Where a generalized function dW would be use to sub-run any AbstractSPHKernel dW function - does my idea make sense to you?

I will stop this message here so I do not derail this constructive process, looking forward to hearing your reception of my thoughts

Kind regards

AhmedSalih3d commented 3 years ago

Potential breakthrough in the process of automatic differentiation, see my question and answer 4. Basically the summary is that by defining just the Wendland function it is possible to automatically take its derivative (dW) - this is highly useful for us!
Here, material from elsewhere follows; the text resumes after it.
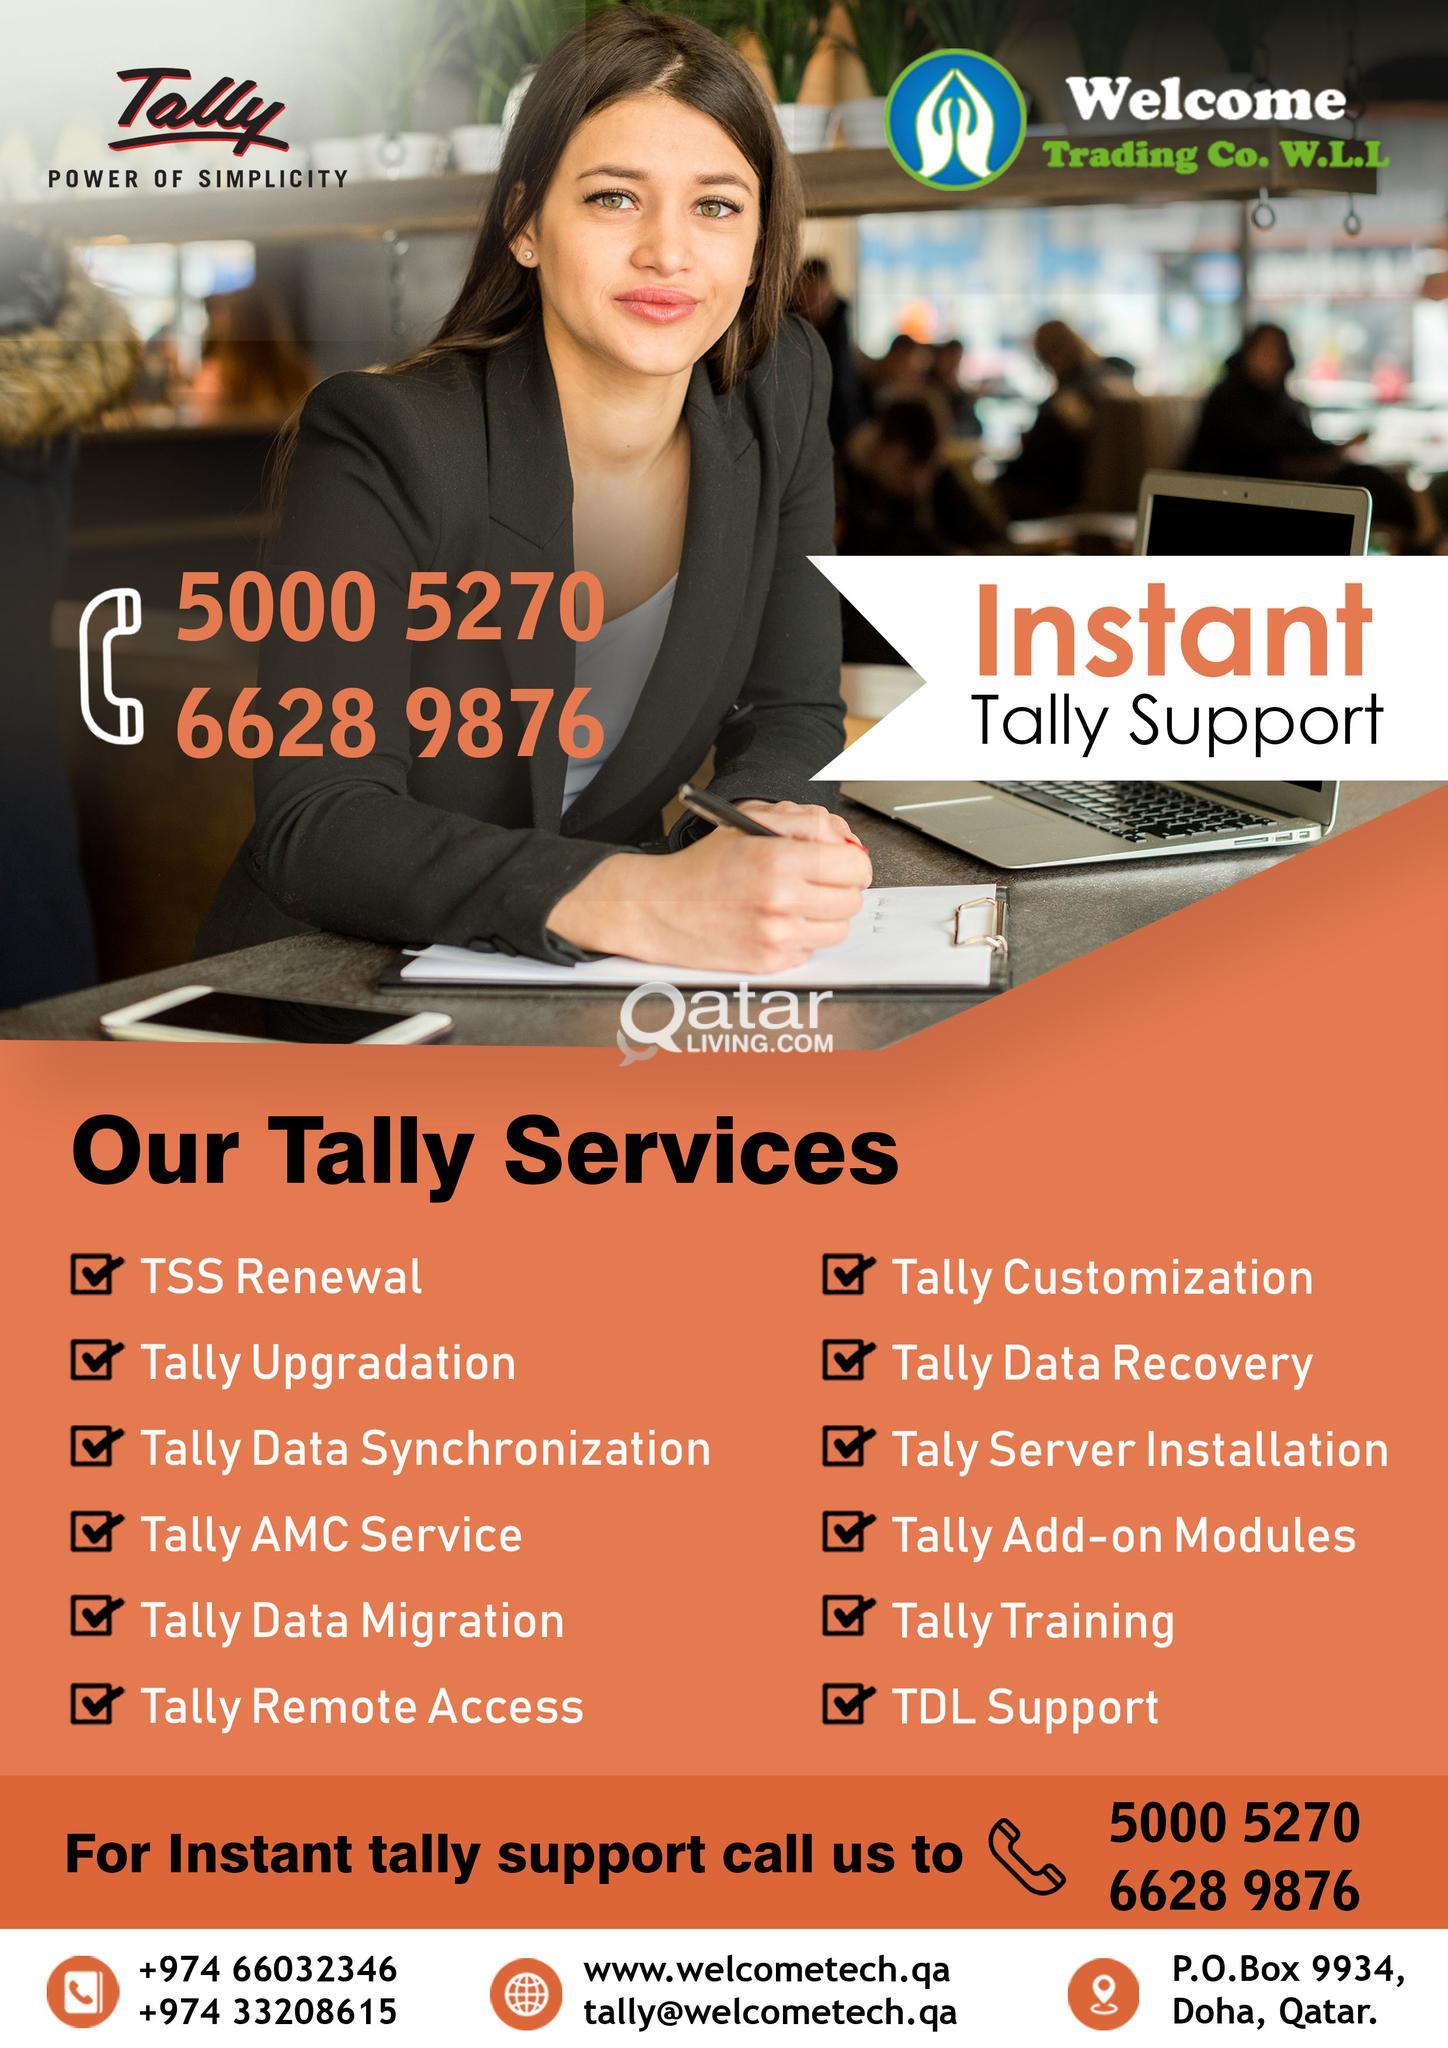 Tally Support in Qatar 24 x 7

https://discourse.julialang.org/t/can-i-expect-forwarddiff-to-give-the-same-performance-in-this-case/67894/4

Kind regards

LudwigBoess commented 3 years ago

Hi Ahmed,

You're right we should discuss this in seperate issues. I opened #13, #14 and #15.

For your suggestion with the AbstractSPHKernel: I would like to avoid to have a struct of Functions. This is too close to OOP for me and I don't think that's what we'd want. I'm also not sure about how efficiently Julia can optimize these kind of structs and if there's maybe too much performance loss.

Very interesting that ForwardDiff is that performant! I was not aware of that, as I've never really used it. Nonetheless, we have analytic solutions for the derivatives so I'm not sure if there's much benefit in using a numeric differentiation tool... But maybe it's worth having it as an option?

LudwigBoess commented 3 years ago

I will close this issue now in favor of #13, #14 and #15.